Do not be afraid of people’s scorn, nor fear their insults. Sorrow and mourning will disappear, and they will be filled with joy and gladness. I, yes I, am the one who comforts you. So why are you afraid of mere humans, who wither like the grass and disappear? (Isaiah 51:7, 11-12)
Read: Isaiah 51:1-53:12, Ephesians 5:1-33, Psalm 69:19-36, Proverbs 24:7
Relate: “Ewww, no!” Those two words I can still hear about twenty-five years after they were uttered. It was the first day of camp. I had picked out the hottest girl at camp and convinced my friend to ask her out for me. Those two words were her response.
“Can’t you do anything right?” I was a rambunctious student in third grade. I had a poor teacher fresh out of college in her first teaching position and I was far and away her worst student. She told me a good decade later that for years, any time she had a rough day she would tell herself that if she could survive me she could survive this. So even though I deserved them, these words spoken in frustration… I can still hear them almost thirty years later.
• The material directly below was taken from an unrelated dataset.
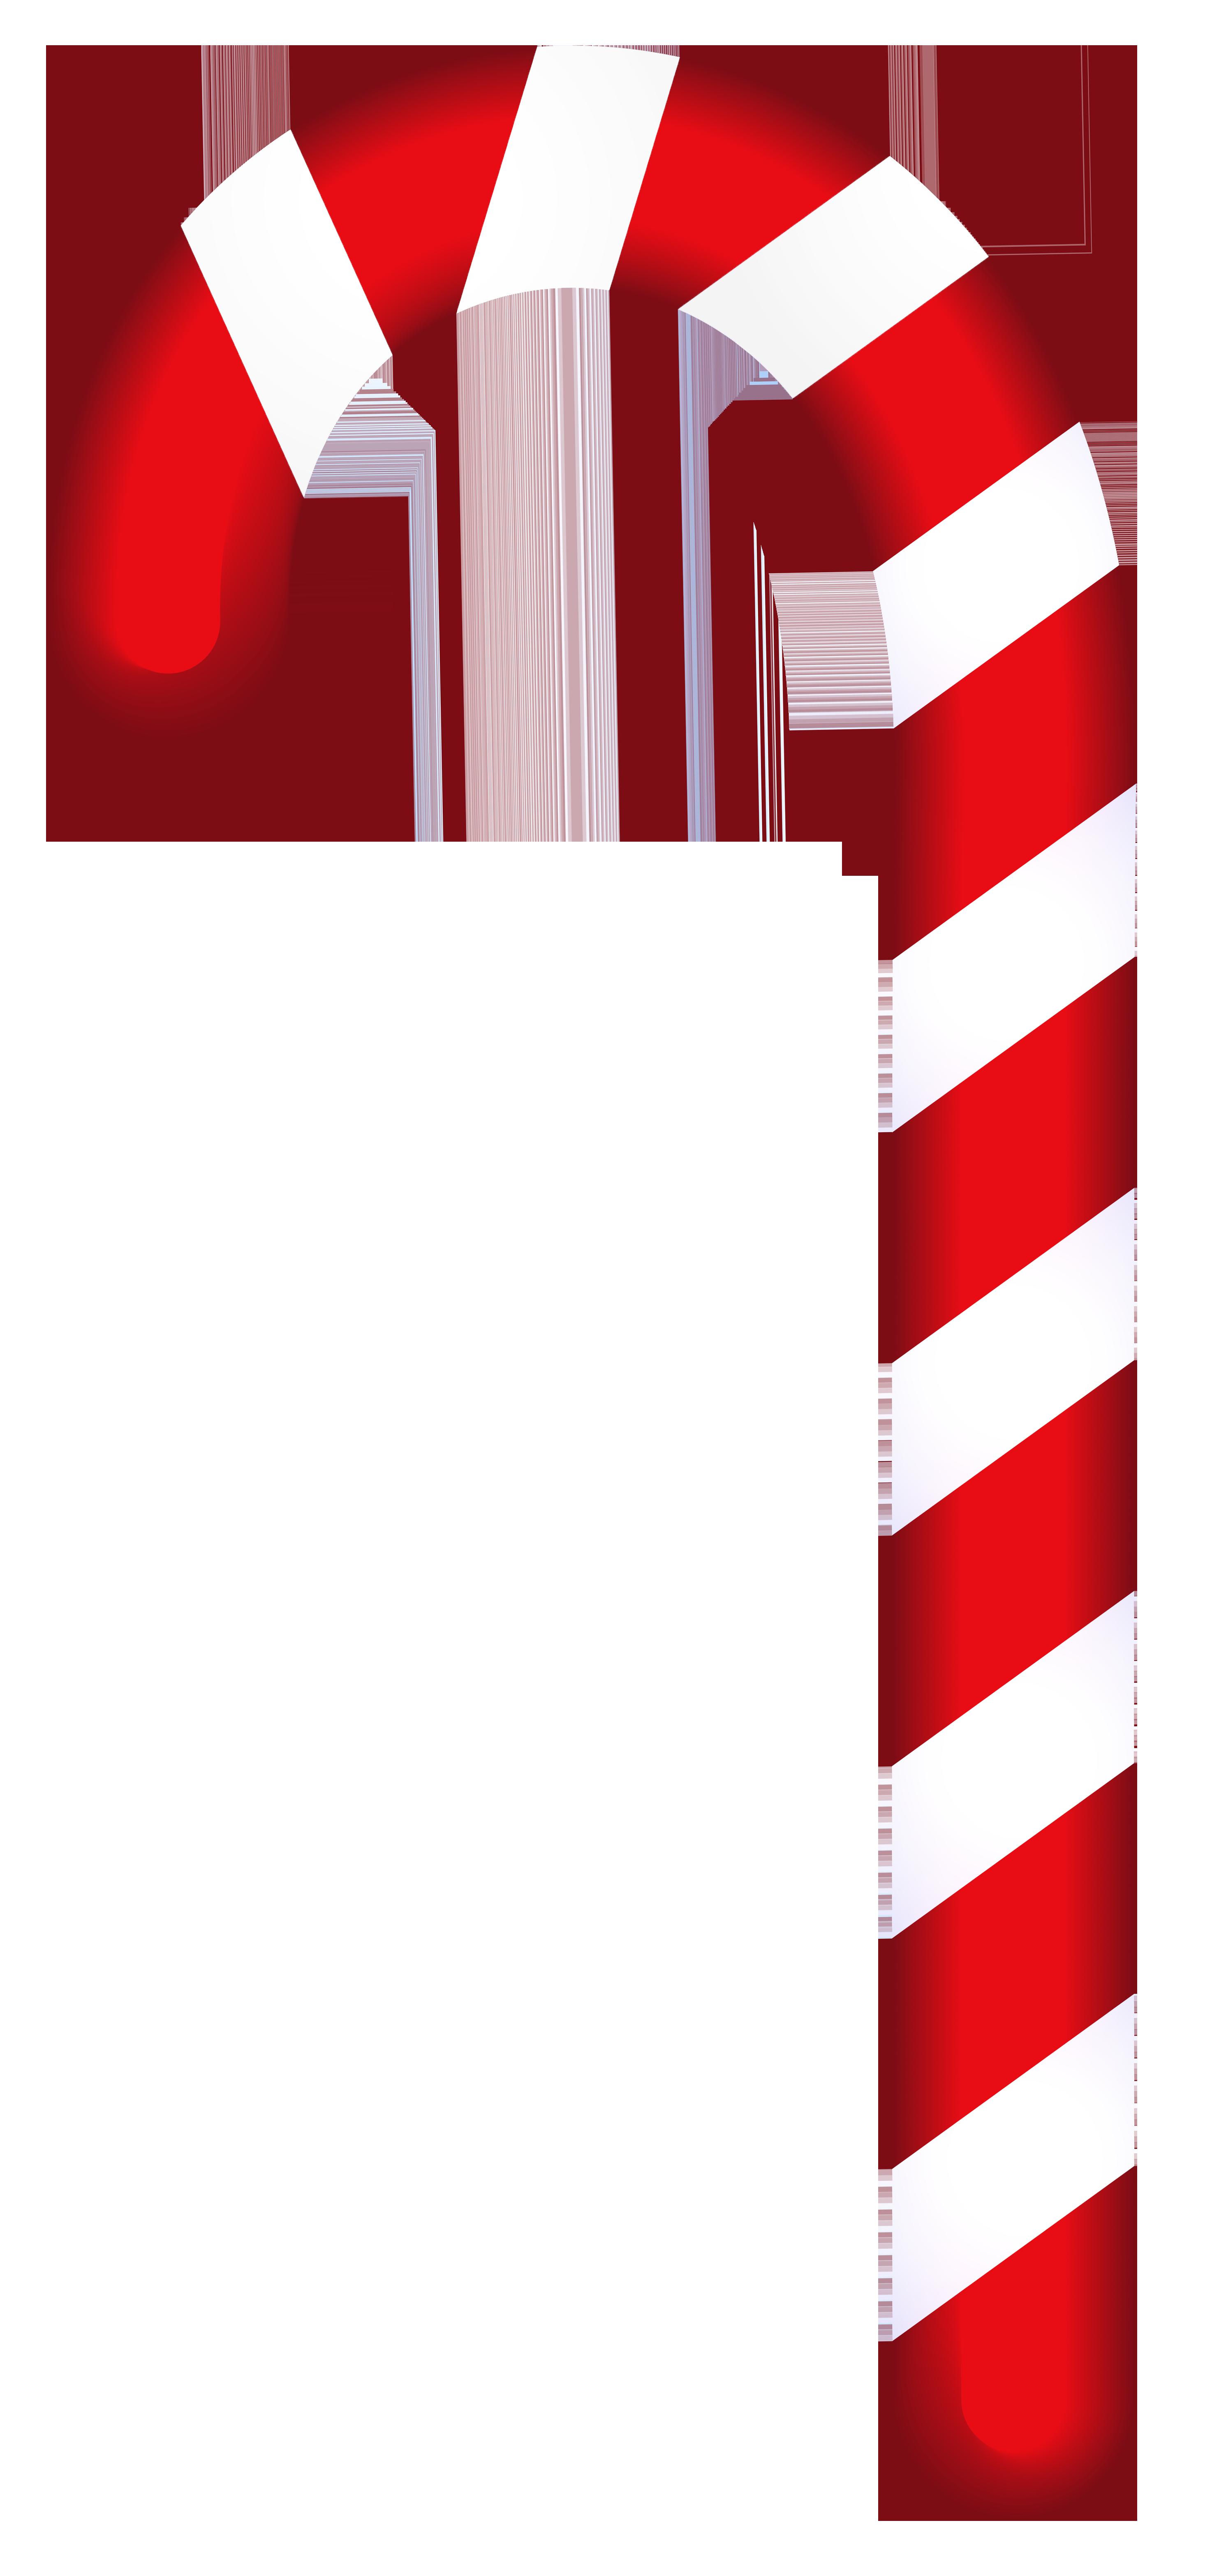 Candy cane clip art candy cane factscandy cane facts 5.

“Pee-the-bed Peewee” It was a nickname I was given at a kids camp when I was six or seven years old. I’ve always been very good at voices and one of the first I ever mastered was that of Peewee Herman. The other part of that nickname… sometime during the night I had wet my pj’s. It woke me up and I took them off and then left them on the pole by my feet on the top bunk of my bunk bed. While I was sleeping, they fell off and landed on the pillow of the poor guy below me. Kids can be brutal and for the remaining few days of that week of camp I was verbally brutalized at every opportunity.
Things like this stick in our minds because we replay them over and over. They get stuck in a form of mental feedback loop and the more you think a certain thought, the easier it is to think it again and the harder it is to flush it out of your mind. Our mind creates pathways as would our feet, walking the same way through the wilderness. We can very literally find ourselves getting stuck in a mental rut.
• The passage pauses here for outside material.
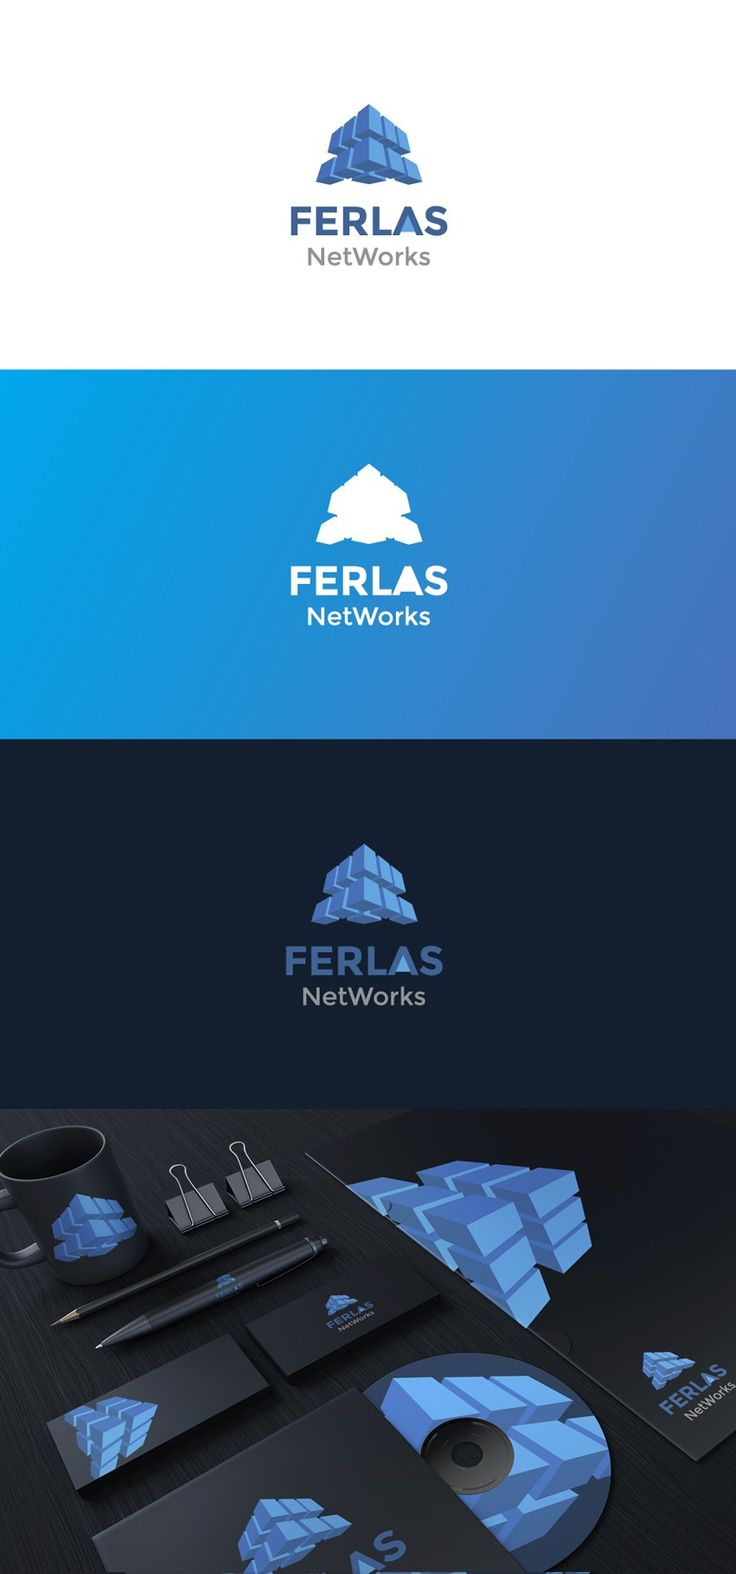 Ferlas NetWorks: identity proposition

React: In my Bible, the topic title for Isaiah 51 is “A Call To Trust The Lord”. Israel was a shell of its former self. Depending on what commentator one is listening to, second Isaiah (40-66) was written either during the exile or shortly after their return. Either way, the nation was stuck in a mental feedback loop. We’re no good. We’ve failed. God has abandoned us. Our time of greatness has long since past…
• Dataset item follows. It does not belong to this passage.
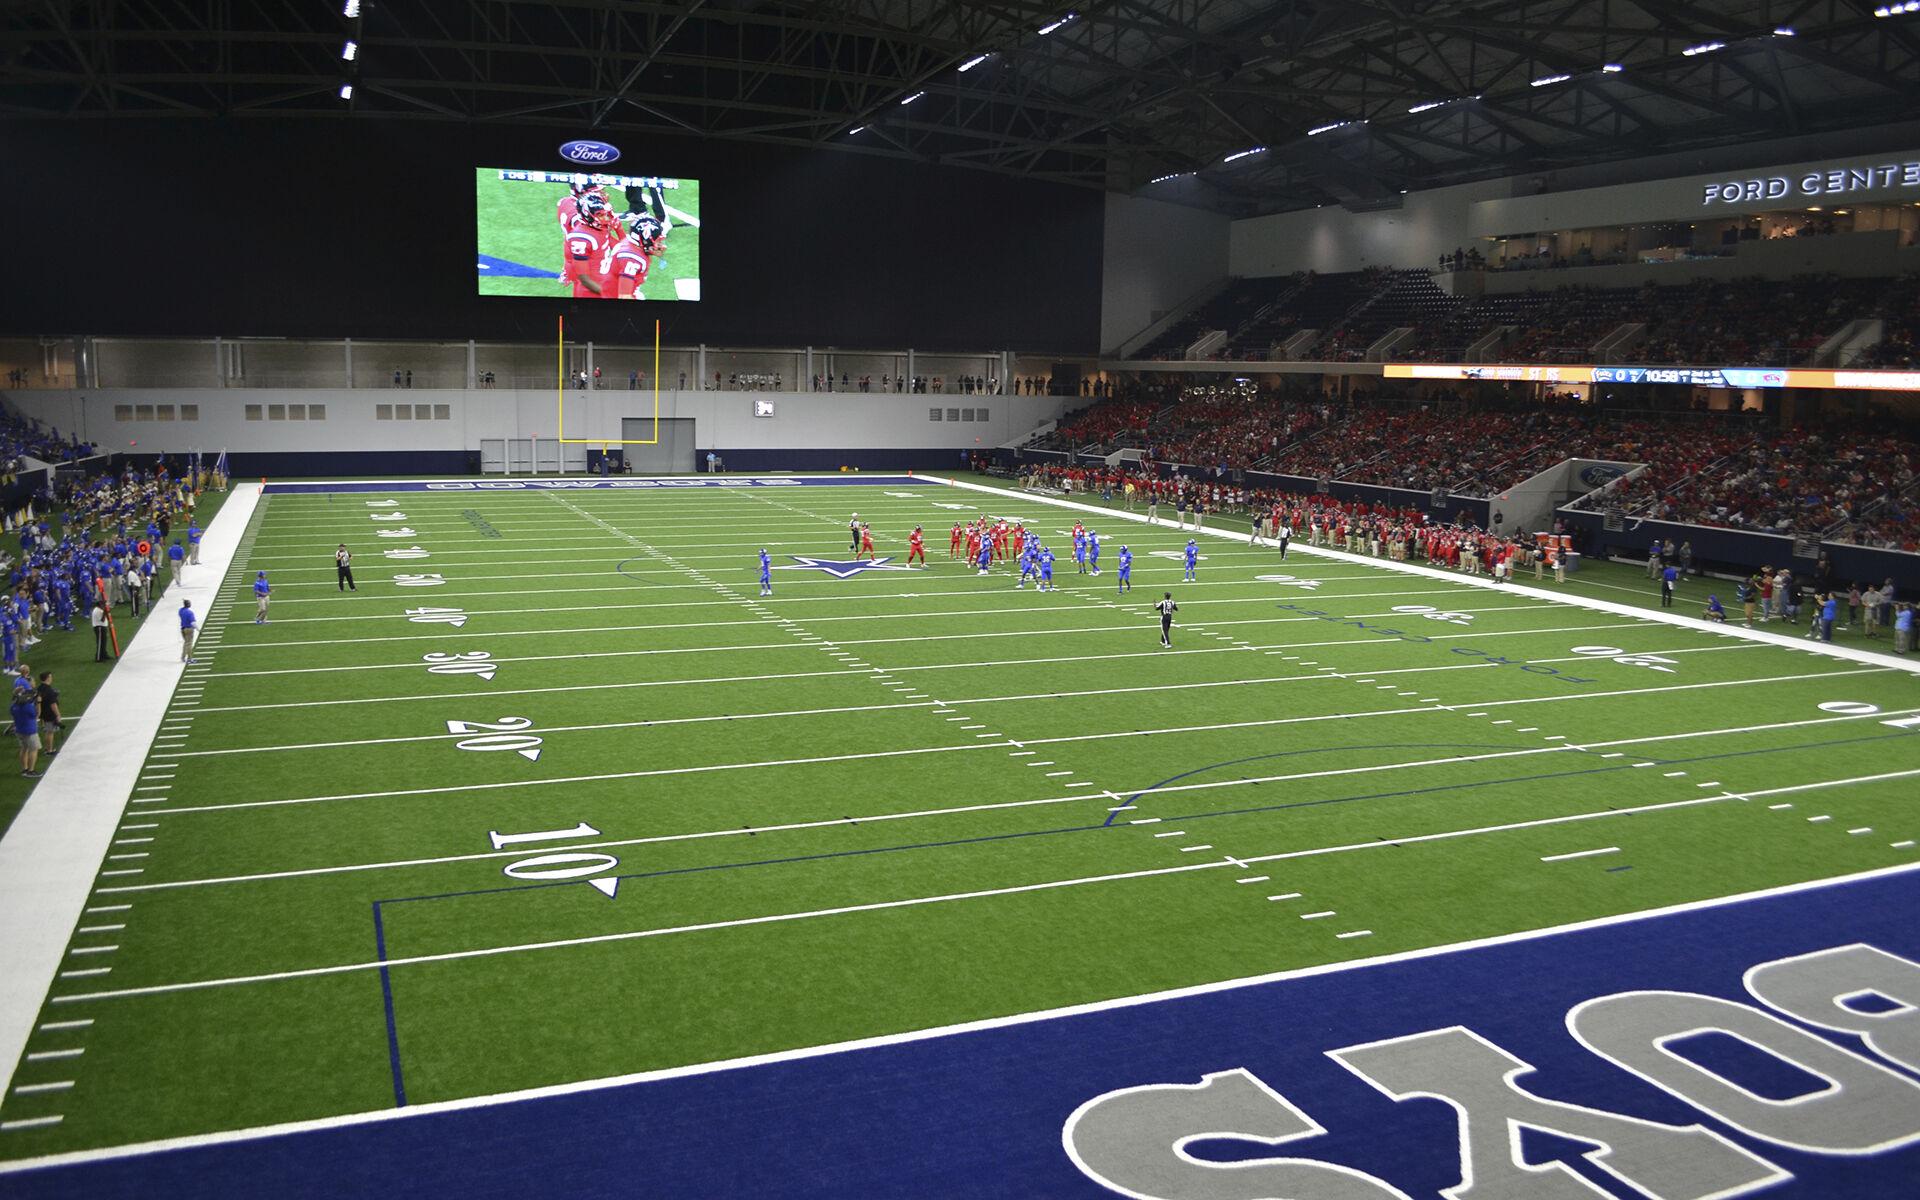 Ford Center Stadium & Training Facility - Dallas Cowboys

God needs to brainwash His people. He needs to send their thought processes down new paths. That is what Isaiah 51 is all about:
51:1 – Listen to Me…
51:1 – Consider…
51:2 – Think about Abraham and Sarah…
51:3 – The Lord will comfort…
51:3 – Sing thanks…
51:4 – Listen to Me…
51:5 – …look to Me…
51:6 – Look up…
51:7 – Listen to Me…
51:7 – …don’t be afraid…
And on I could go. God is instructing His people to how to “be transformed by the renewing of their mind.” He is showing them how to “take captive every thought.” What do I allow to repeat itself over and over in my head? How mindful am I of my mind? What I dwell on is what I become. (As a man thinks in his heart, so is he) What are those thoughts, that are not from God that I need to push out? What will I put in its place? God has done so many good things for me. He has given me so many promises. In my mind, how well worn are the paths of these truths?
Respond:
God, it is so easy to become mentally lazy. I is so easy to allow negative words and thoughts that were spoken of me, and that I have said of myself to get caught in an endless feedback loop in my mind. God, help me to hijack those pathways. Help me to dwell on Your word. Help me to repeat over and over again what You have said of me. Help me to remember time and again what You have done for me. Be my all consuming thought until there is no room for anything else.
Amen!!!
“Help me to dwell on your word”. Amen. You’re right, it’s so easy to fall into a vicious cycle of negative thoughts, but because we know God’s truth in our hearts, we find strength from him. Good going! Hugggg
Nice job. Your blog gave me something to think about!